Chronology Current Month Current Thread Current Date
[Year List] [Month List (current year)] [Date Index] [Thread Index] [Thread Prev] [Thread Next] [Date Prev] [Date Next]

Re: [Phys-L] From a Math Prof (physics BS major) at my institution ( math challenge)



On 02/18/2014 08:46 AM, Rauber, Joel wrote:
I didn't personally calculate it, but the Math Prof. told me that
the probability of consecutive numbers appearing on a truly random
list is 48%, much higher than most people would guess.

I looked at two factors, the number of times consecutive numbers
appear -> leads to 2nd list is random The number of times numbers in
the range [30-35] appeared compared to the other decade ranges, which
also lends evidence that the second list was the random one.

That's very weak evidence.

In the first data set, the prevalence of consecutive pairs
is about what one would expect. In the second set, the
prevalence of consecutive pairs is /more/ than one would
expect ... but this does not make the first set any less
random. It just tells you that fluctuations are huge ...
which is not surprising given the small size of the data
sets.

As for the 30--35 range, the first data set has exactly
the expected number of hits in this range.

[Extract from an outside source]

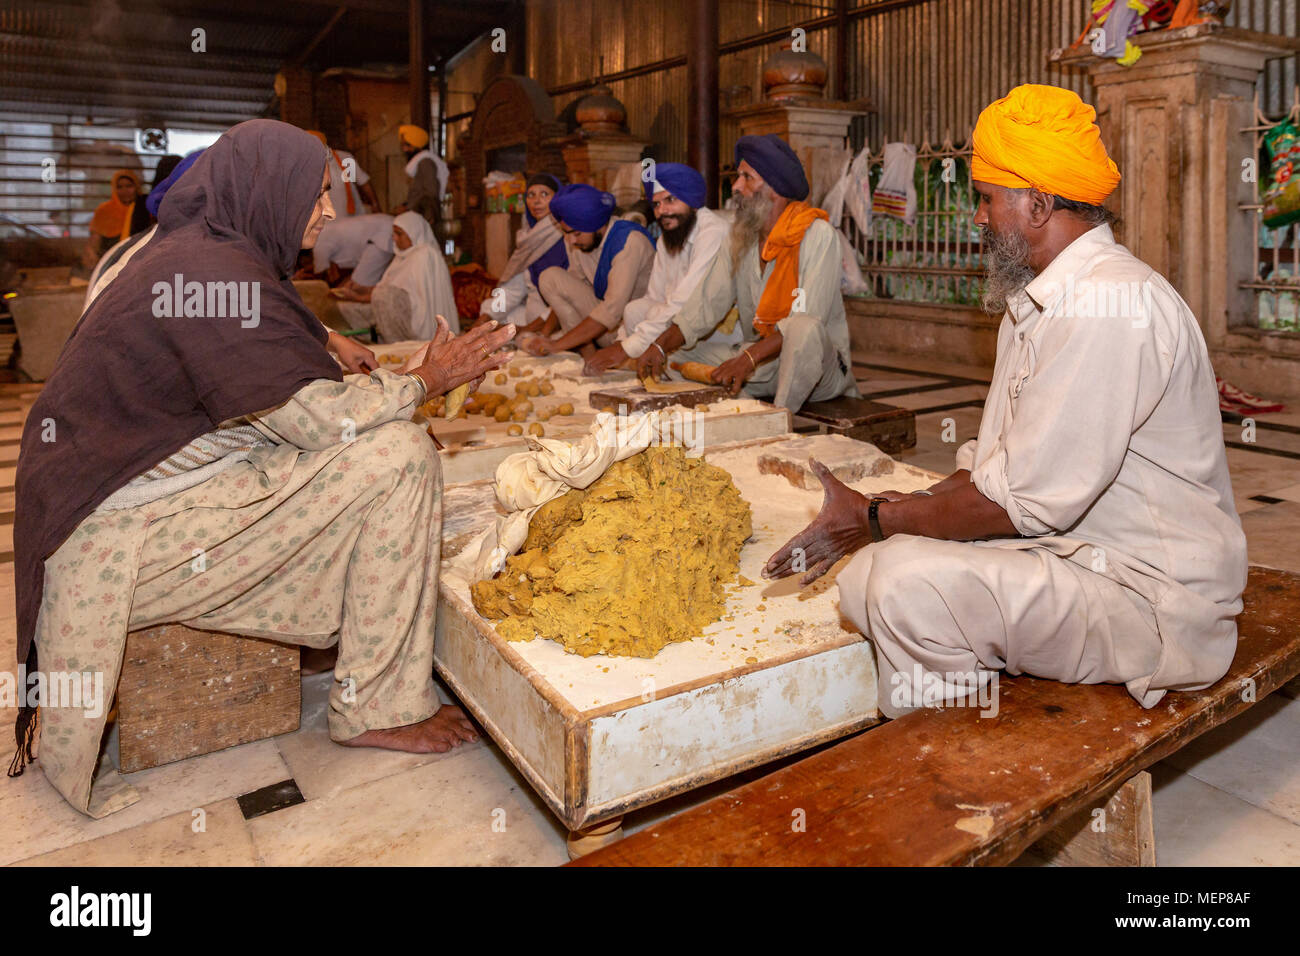 People working in the community kitchen, The Golden Temple (Harmandir Sahib), Punjab, India Stock Photo

OTOH of course range is under-represented relative to
the "other" decade ranges ... but that's not surprising,
since 30--35 is *not* a decade range ... and more importantly,
in the second data set this range is even /more/ under-
represented. So by this criterion, the second set is
less random.

So far, the only statistic that looks out of whack to me
is the scarcity of numbers ending in 0 (i.e. numbers equal
to 0 mod 10) in the first set. OTOH people have looked at
a lot of statistics, and if you look at enough, sooner or
later you will find /something/ that is out of whack ...
even if the data is truly random.

=======================================

The lesson I take from this is the importance of proper
experimental controls. That includes double-blinding.
Anybody who knows the "right" answer here can easily
find "factors" to support that conclusion ... but doing
it blind is not so easy.

Another type of essential control is what I call "closing
the loop" i.e. cobbling up some Monte Carlo data and
feeding it through the analysis process, to see how often
the analysis screws up.

I haven't done the experiment, but I suspect that the two
"factors" suggested above, when applied to this student
data and an /ensemble/ of random data sets, would get the
wrong answer about 50% of the time ... quite possibly even
worse than that, depending on implementation details ...
in other words, worse than random guessing.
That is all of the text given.